Six Sigma and 24x7 Reliability in Large Scale Web Design
by Gianna Giavelli
Many times practitioners of Six Sigma or Gemba Kaizen will push on process and review as the way to get to near perfect system uptime. But defect prevention is a complicated thing and when it involves systems engineering, the process of hitting a defect and then performing a six sigma resolution process may be too slow. By too slow I mean it might iterate and slightly different errors keep occuring resulting in terrible uptime scores before all the issues are ever figured out, if ever.
So what to do? What is an appropriate technology strategy when the boss says we have 99.999 uptime contracts? The answer isn't going to please people. The real solution is a combination of a six sigma defect policy but only alongside a technology review policy.
Forming a technology policy:
One of the secrets to uptime is having clear and optimized code with appropriately selected technologies, and knowing those technologies limits. After I led the re-architecting at Blueturn the analytics platform went from complex, slow, and crashing (rarely) to stable and performing. You need someone who can really think through edge and black swan conditions and anticipate as much as possible and defend from it.
Perform a database audit to see how it will survive a hypergrowth situation. Solution would be to consider a distributed multi node technology like Cassandra or disk level solutions like striping + separation of index and data, and confirming drive space. I once got hit when numbers of users when from 400 to over a million very quickly. And if it isn't the db layer itself, it might be the caching technology or app server that can't keep up. Test this case specifically!

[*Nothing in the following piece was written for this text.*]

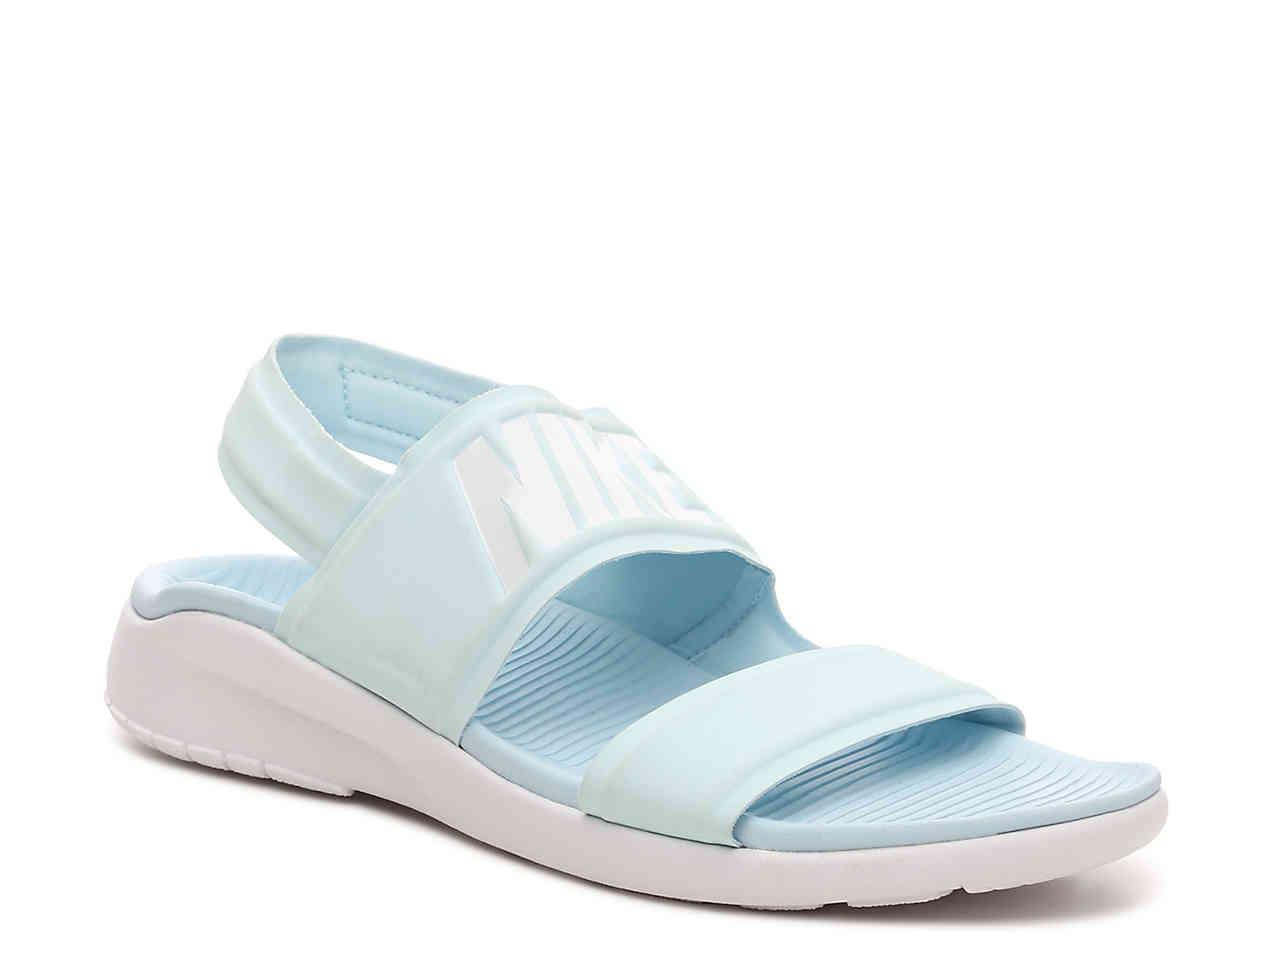 c14a17d99086 Lyst - Nike Tanjun Sport Sandal in Blue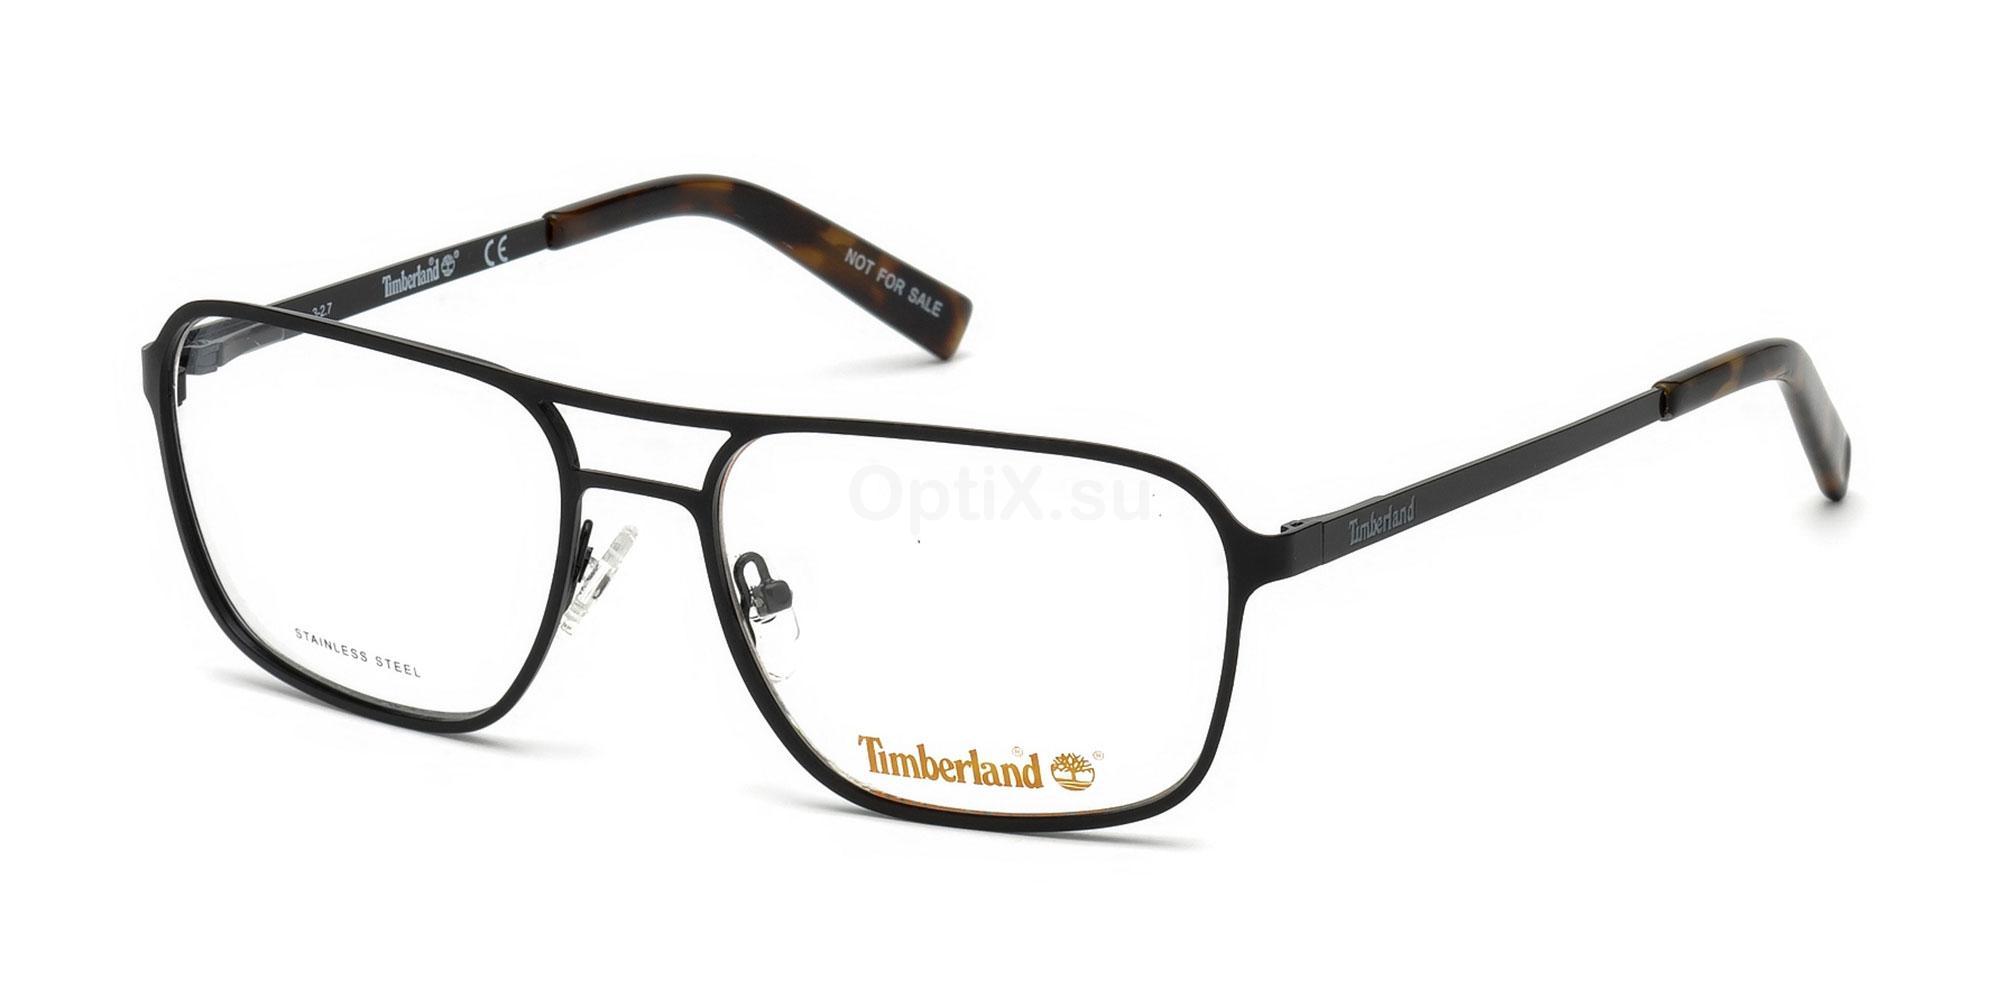 002 TB1593 Glasses, Timberland

Front Web Services with message queues. Web services are thread bound for performance, message queues are CPU bound but with greater recover-ability. Even for a process which is a synchronous request, using a call to a message queue ensures that the work item is not lost and will eventually be processed.
Clear contracts between layers and performance and load test each layer. This ensures that each path can be separately qualified rather than one path with many many routes of code of possibility, which is inherently easier to hit an edge case that simply hadn't turned up before.
Review edge cases and protection. Commonly this can be things like testing null value and negative value cases, large data cases. This will be one of the most painful and tedious things to put into automated testing. Clear layer type architectures using fascade patterns if necessary will make this level of isolation possible. Beware of missing a technology or code section when reverting to layer testing. Also have "try to break it" crazy data entry sessions to see if people randomly can come up with something which is a break. You can do this directly against a service using a tool like SoapUI if need be.
Get Professionally Load tested and verify the usage pattern: You need load testing which is done from multiple site and multiple computers. Usually doing it in house is not enough if you are serious about 24x7 9999 uptime. Mirroring the hardware is also key. You need to invest in fully identical mirror setups for load testing of this nature or it might be useless.
Have extensive logging. And point to Method places in the log don't just save the error. Number the log entries with each one getting a unique code so very quickly you can search for it, don't count on a stack trace. This is key for the 3am phone call. If you don't have enough logging to investigate a edge case that never should have happened, to minimize the code that needs to be reviewed and checked, then you need more.
Beware of anything with pointers: Sorry, but the big advantage of modern languages is not having pointers which we glady give up for the tiny performance hit.
Specify development, system and regression test, production and production mirror environments RIGOROUSLY and have a strict process for change or deviation. Many times a new rev of a 3rd party tool will inject a but or unexpected behaviour so this has to be protected for throughout the process.
Set up a review process for every failure and make sure that there is a serious attitude with all necessary parties involved. It should include:
- Results of the Investigation
- Proposal to prevent this AND SIMILAR CLASSES OF PROBLEMS
- REVIEW of PRIOR defects and if the company is being successful in preventing
One key thing for this kind of review session is that a lackadaisical attitude "the bug is fixed" can lead to continued problems. Why did the bug happen? What about the nature or approach to the code allowed it to happen? What can we look for in code reviews. If it's a system or 3rd party related issue then review if there are options or how you can work with the vendor to ensure not just a bug fix, but that the whole class of problem is reviewed.
I hope this helps you begin to think of all the issues with seeking 24x7 9999 uptimes with modern technologies. I did not go into the process side because already there is much written on the six sigma and gemba kaizen methodologies. In the end, clean well organized code and architecture is MORE important to six sigma success with technology than review process and formal process definition. Stressing code elegance and software as an ART not a commodity is key for management, which also means you cannot treat your engineers like commodities with a basket of skills either. The art of good code is taught from good senior engineers on down and never in school and never in most development companies. Keep that in mind when chosing your senior team.